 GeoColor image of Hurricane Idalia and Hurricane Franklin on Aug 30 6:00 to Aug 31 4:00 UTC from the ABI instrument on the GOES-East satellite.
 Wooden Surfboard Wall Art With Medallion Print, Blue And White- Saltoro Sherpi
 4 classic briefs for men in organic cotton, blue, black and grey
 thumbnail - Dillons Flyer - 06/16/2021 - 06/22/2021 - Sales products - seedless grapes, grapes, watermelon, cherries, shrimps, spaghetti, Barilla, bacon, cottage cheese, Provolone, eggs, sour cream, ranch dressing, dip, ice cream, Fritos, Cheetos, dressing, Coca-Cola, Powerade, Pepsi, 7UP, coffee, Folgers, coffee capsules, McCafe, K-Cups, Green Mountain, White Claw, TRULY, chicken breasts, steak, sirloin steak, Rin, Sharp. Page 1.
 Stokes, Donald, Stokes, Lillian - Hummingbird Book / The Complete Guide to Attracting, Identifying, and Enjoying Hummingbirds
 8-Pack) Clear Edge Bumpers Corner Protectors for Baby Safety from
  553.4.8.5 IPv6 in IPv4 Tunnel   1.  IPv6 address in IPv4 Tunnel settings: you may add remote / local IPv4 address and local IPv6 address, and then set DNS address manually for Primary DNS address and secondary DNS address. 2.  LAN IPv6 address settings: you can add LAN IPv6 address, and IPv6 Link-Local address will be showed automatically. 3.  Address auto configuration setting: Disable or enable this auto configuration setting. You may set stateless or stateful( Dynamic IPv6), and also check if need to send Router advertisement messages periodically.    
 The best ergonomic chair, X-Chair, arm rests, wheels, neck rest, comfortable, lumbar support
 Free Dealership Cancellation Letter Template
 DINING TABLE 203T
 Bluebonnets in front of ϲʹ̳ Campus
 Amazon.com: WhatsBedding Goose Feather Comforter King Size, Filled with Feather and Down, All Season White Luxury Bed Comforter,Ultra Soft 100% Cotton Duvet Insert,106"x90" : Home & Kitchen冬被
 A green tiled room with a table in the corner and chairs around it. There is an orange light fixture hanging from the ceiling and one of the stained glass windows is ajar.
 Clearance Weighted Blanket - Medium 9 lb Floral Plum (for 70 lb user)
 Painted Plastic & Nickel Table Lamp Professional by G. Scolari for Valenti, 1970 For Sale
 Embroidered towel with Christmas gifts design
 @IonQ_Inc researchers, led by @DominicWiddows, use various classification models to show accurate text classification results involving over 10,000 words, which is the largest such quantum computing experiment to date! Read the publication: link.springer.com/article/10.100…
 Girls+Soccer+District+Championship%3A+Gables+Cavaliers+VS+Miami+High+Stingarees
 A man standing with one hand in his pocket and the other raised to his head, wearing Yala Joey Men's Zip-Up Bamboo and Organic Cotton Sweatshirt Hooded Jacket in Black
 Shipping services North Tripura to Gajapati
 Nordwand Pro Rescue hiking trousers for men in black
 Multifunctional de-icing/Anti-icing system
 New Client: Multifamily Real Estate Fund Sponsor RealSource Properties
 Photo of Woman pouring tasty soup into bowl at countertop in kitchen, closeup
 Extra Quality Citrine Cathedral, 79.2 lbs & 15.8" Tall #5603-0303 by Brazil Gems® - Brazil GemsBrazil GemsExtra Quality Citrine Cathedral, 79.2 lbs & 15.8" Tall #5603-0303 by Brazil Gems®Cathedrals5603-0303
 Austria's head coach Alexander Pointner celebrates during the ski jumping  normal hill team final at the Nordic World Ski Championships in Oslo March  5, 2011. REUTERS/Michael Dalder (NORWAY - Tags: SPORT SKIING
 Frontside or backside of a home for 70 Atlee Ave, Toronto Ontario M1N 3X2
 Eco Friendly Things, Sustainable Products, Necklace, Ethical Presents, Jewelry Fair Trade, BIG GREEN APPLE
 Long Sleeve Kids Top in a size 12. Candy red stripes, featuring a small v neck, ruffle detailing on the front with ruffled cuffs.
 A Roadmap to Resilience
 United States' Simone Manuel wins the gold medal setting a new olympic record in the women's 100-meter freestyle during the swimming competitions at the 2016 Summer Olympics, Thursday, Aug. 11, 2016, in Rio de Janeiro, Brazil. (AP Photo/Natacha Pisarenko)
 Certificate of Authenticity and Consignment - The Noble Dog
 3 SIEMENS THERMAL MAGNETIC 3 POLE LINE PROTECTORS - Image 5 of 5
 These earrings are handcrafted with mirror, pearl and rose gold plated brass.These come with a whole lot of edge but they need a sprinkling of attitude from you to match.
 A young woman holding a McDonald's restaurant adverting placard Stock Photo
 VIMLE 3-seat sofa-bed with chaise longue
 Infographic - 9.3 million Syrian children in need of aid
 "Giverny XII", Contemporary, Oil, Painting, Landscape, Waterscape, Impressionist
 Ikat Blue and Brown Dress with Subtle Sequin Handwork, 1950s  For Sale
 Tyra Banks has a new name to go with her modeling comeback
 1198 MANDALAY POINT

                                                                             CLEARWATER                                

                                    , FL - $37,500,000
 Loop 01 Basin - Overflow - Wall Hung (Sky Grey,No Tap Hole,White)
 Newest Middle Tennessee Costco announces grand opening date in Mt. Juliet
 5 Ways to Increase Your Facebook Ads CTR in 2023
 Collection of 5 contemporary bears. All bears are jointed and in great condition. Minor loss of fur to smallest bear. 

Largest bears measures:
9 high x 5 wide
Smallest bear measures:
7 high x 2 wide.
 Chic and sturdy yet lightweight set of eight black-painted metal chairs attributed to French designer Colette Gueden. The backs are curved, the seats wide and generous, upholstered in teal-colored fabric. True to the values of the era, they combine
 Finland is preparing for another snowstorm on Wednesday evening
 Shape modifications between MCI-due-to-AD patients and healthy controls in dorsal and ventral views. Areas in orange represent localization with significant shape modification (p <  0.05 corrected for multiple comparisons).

● ● ●

• AIM OF THE EXERCISE
Within the material above, transcribe exactly the lines that run from the line holding "Stokes, Donald, Stokes, Lillian" through the line holding "Free Dealership Cancellation Letter Template".

• ANSWER FOR THE TASK
 Stokes, Donald, Stokes, Lillian - Hummingbird Book / The Complete Guide to Attracting, Identifying, and Enjoying Hummingbirds
 8-Pack) Clear Edge Bumpers Corner Protectors for Baby Safety from
  553.4.8.5 IPv6 in IPv4 Tunnel   1.  IPv6 address in IPv4 Tunnel settings: you may add remote / local IPv4 address and local IPv6 address, and then set DNS address manually for Primary DNS address and secondary DNS address. 2.  LAN IPv6 address settings: you can add LAN IPv6 address, and IPv6 Link-Local address will be showed automatically. 3.  Address auto configuration setting: Disable or enable this auto configuration setting. You may set stateless or stateful( Dynamic IPv6), and also check if need to send Router advertisement messages periodically.    
 The best ergonomic chair, X-Chair, arm rests, wheels, neck rest, comfortable, lumbar support
 Free Dealership Cancellation Letter Template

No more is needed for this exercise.